Multi factor series: achieve a small goal, starting from a single factor!

1, Overview

The single factor model was first proposed by William sharp. The basic idea of the single factor model is that the securities return is affected by only one factor. Market model is a typical example of this model.

If we observe the stock market, we will find that when the market stock index rises, most stock prices rise at the same time; vice versa. This shows that all kinds of securities have a linkage response to a factor, that is, the change of market stock price index.

Two, model formula

Where F is the predicted value of the common factor, and beta is the sensitivity of securities i to the factor.

3, Implement a small strategy

Take the stocks of SSE 50 as the stock pool, manually select a factor, sort the stocks according to the value of the factor, buy the stocks in front, and adjust the position every week.

# coding=utf-8
from __future__ import print_function, absolute_import
from gm.api import *
from gm.enum import OrderSide_Sell, OrderType_Market
import numpy as np
import pandas as pd
Stock pool: 50 stocks in SSE 50
 Select stock pool BP The top five stocks with factor values,
Position adjustment is carried out every month.

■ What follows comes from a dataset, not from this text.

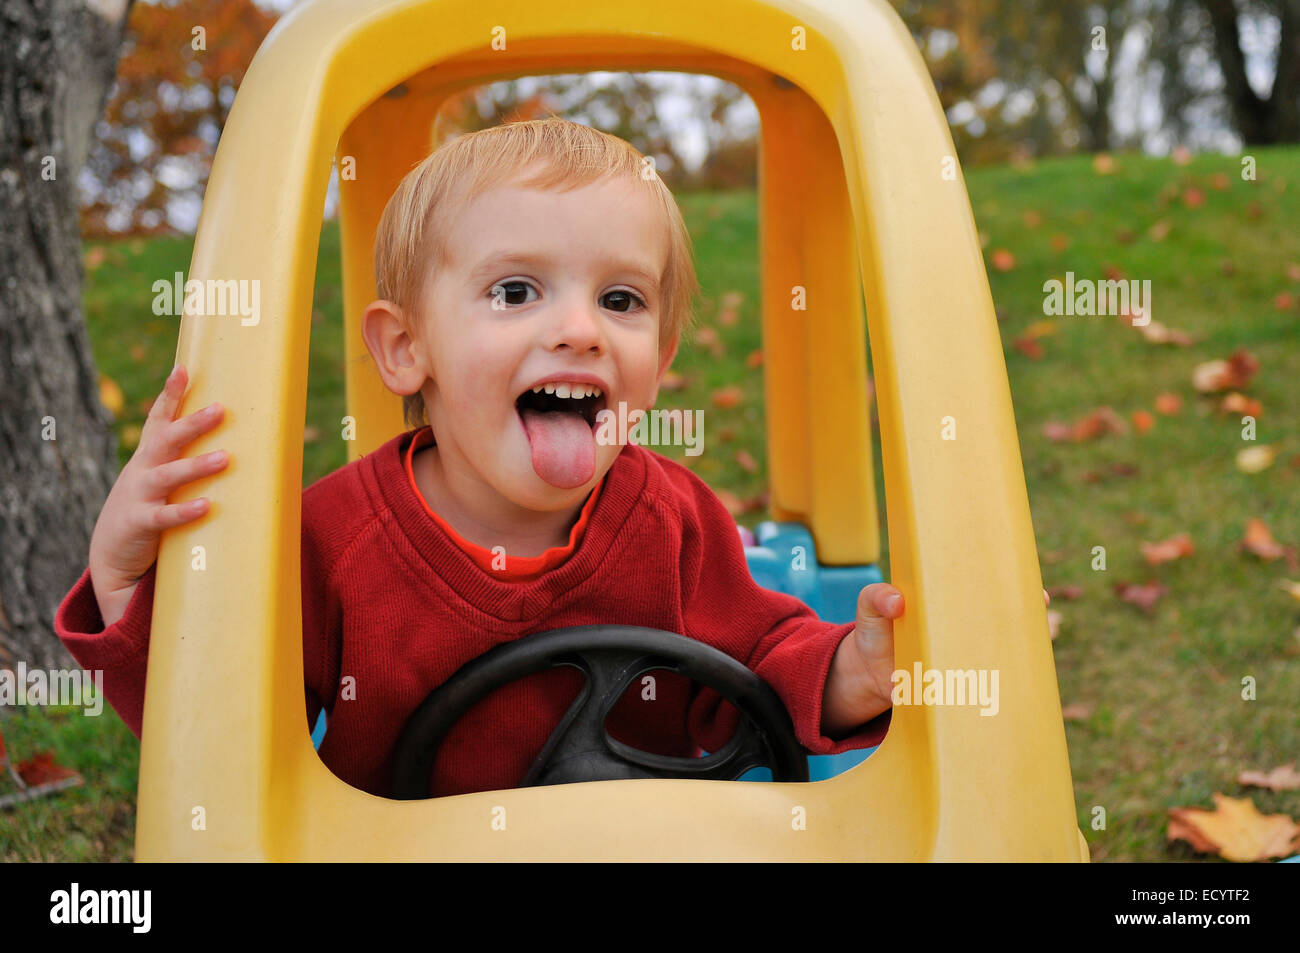 A two-year-old boy makes a funny face while playing in his toy car on an autumn day. Stock Photo

If the top five stocks do not have positions, they will buy, and if they have positions, they will continue to hold positions
# There must be an init method in the policy
def init(context):
    context.index = 'SHSE.000016'
    context.num = 5  # The top five stocks are entrusted for position adjustment
    schedule(schedule_func=algo_1, date_rule='1w', time_rule='09:31:00')

def algo_1(context):
    now =
    # Acquire 50 constituent shares of SSE
    symbols = get_history_constituents(index='SHSE.000016',
    # Obtain the constituent stocks composed of SSE 50 on the current date and extract its factor data
    DF = get_fundamentals_n(table='trading_derivative_indicator',
    # Calculate the book to market ratio, which is the reciprocal of P/B
    DF['PB'] = (DF['PB'] ** -1)
    # Rank stocks according to factor data
    df = DF.sort_values(['PB'], ascending=False)
    target_list = df['symbol'].values[:context.num]
    # Designated position
    # Get all existing positions
    pos_all = context.account().positions()
    #For the subject matter of position, if it is not in the screened stock pool, the subject matter shall be eliminated
    for i in pos_all:
        if i['symbol'] not in target_list:
            order_volume(symbol=i['symbol'], volume=i['available'], side=OrderSide_Sell, order_type=OrderType_Market, position_effect=PositionEffect_Open)
            print("To liquidate shares not included in the underlying stock:",i['symbol'],"Quantity is",i['available'])

    for symbol in target_list:
        pos = context.account().position(symbol=symbol,side = PositionSide_Long)
        #If the target is not in the position, open the position
        if not pos:
            order_target_percent(symbol=symbol, percent=1/context.num,
                                position_side=PositionSide_Long, order_type=OrderType_Market)
            print("Stock purchased at market price:",symbol)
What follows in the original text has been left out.